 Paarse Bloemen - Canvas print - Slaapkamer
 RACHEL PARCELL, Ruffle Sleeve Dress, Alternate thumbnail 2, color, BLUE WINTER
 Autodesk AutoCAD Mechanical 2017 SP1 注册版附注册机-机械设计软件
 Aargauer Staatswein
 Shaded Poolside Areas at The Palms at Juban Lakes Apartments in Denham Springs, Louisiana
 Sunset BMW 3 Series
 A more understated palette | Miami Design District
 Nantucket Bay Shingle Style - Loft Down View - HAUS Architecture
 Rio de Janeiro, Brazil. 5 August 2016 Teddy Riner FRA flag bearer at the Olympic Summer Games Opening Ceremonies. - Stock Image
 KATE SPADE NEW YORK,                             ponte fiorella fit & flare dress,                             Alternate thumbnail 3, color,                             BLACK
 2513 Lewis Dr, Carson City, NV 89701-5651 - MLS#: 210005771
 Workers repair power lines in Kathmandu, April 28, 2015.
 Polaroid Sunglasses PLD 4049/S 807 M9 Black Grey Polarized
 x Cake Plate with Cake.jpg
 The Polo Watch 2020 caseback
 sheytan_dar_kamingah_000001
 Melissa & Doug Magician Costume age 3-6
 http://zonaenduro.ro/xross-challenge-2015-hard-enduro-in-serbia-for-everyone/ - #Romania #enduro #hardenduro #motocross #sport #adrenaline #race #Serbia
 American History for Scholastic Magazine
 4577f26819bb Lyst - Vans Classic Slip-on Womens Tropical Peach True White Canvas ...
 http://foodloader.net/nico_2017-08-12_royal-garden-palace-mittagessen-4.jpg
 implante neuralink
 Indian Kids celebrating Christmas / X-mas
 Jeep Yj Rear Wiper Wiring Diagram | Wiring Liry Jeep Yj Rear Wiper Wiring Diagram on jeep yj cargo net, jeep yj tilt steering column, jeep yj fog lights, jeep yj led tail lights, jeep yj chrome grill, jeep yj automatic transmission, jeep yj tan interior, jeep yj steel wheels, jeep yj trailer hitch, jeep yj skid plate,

━━━━━━━━━━

• **What to do**
Every line in the material above that has the word "Canvas" should be copied.

• **Expected answer**
 Paarse Bloemen - Canvas print - Slaapkamer
 4577f26819bb Lyst - Vans Classic Slip-on Womens Tropical Peach True White Canvas ...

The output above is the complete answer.